Li rose to fame after starring in Zhang Yuan's Seventeen Years (1999), which won her the Best Actress Award in the 1999 Singapore Film Festival. In 2001, Li starred in the television series Young Justice Bao, which propelled her to become one of the most famous actresses in China.

Li was subsequently labelled as an "action actress" as she starred in a number of wuxia television series, such as Taiji Prodigy and Eight Heroes.

Li achieved breakthrough with her performance in Feng Xiaogang's A World Without Thieves. She then starred in Dayyan Eng's romantic comedy film Waiting Alone, for which she received her first Best Actress nomination at the Golden Rooster Awards.

In 2009, Li won Best Actress at the 46th Golden Horse Film Awards for her performance in The Message, about Japanese invaders in China who try to ferret out a spy among their Chinese collaborators.

Li then starred in Tsui Hark's 2010 action-mystery film Detective Dee and the Mystery of the Phantom Flame. She played Shangguan Jing'er, a fictional character based on Shangguan Wan'er, a prestigious politician during the Tang Dynasty. She established her studio in the same year, co-starring and co-producing the film 1911 with Jackie Chan, which was released in September 2011 to celebrate the 100th anniversary of the Xinhai Revolution.

Career in Hollywood 

Li Bingbing's first-time in an English-language film is Wayne Wang's Snow Flower and the Secret Fan, adapted from Lisa See's 2005 novel of the same title. The film premiered at the 2011 Cannes Film Festival. Li started to gain recognition in Hollywood after starring in Resident Evil: Retribution, playing Ada Wong. The same year, she was cast in action fantasy film 400 Boys, directed by British director Alastair Paton.

In 2013, Li attended the 4th Annual US-China Film Summit and received the East-West Talent Award. Hollywood magazine Variety also named her Asian Star of the Year. The following year, Li featured in Transformers: Age of Extinction, the fourth installment of the film franchise. This helped solidify her success overseas.

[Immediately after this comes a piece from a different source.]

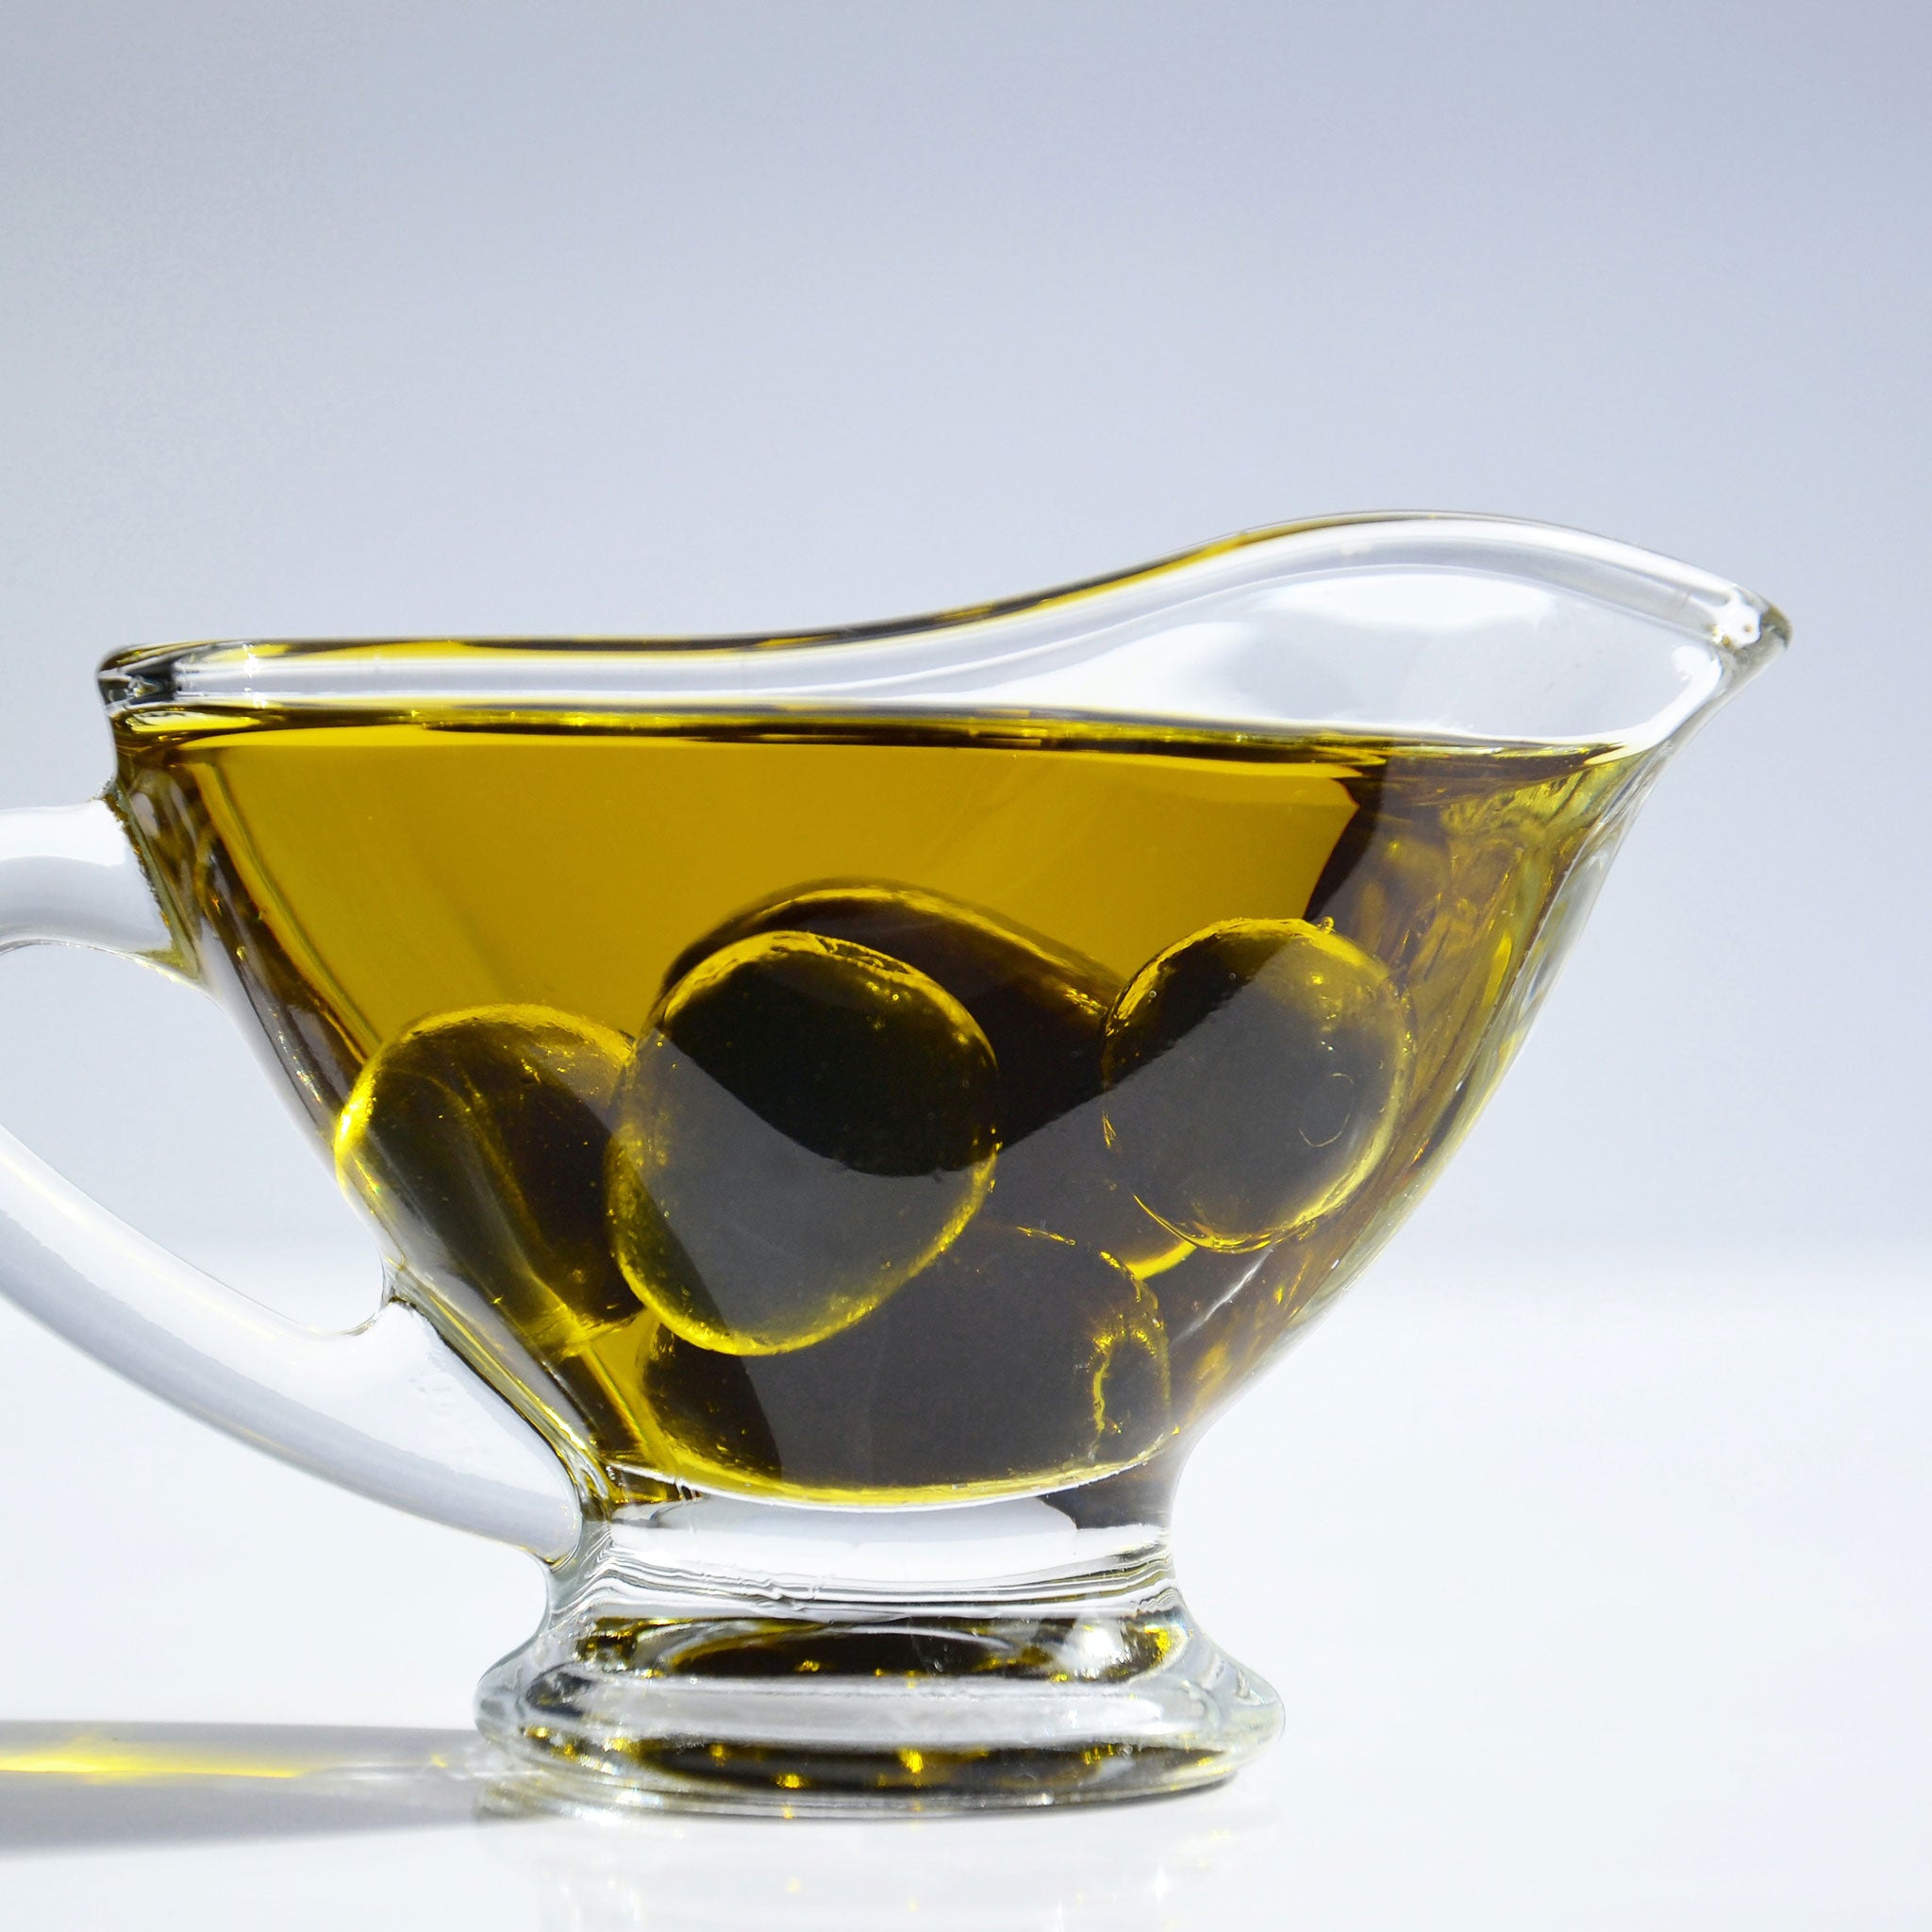 Koroneiki Extra Virgin Olive Oil from Greece

In 2015, she was cast in 3D science fiction thriller Nest (also known as Guardians of the Tomb), a Chinese-Australian co-production that was finally released in January 2018. The same year, it was announced that Li would play China's first female superhero in upcoming film Realm, written by Stan Lee.

In 2018, Li starred with Jason Statham in The Meg, an American-Chinese shark film based on Steve Alten's 1997 novel Meg: A Novel of Deep Terror.

Ambassador roles 
 Charity Ambassador of the Shanghai World Expo
 Goodwill Ambassador of UNEP

Social activities 
Li Bingbing has established L.O.V.E, a charitable organization dedicated to the promotion of a positive, environmentally responsible lifestyle. She is also one of the founders of the two-year One Million-Tree Forest project, launched in efforts to change the climate environment and help local residents of Gansu Province, Southwest China, to increase their incomes. Her commitment to green and charitable causes has earned her the recognition as "the most influential global ambassador" from World Wildlife Fund.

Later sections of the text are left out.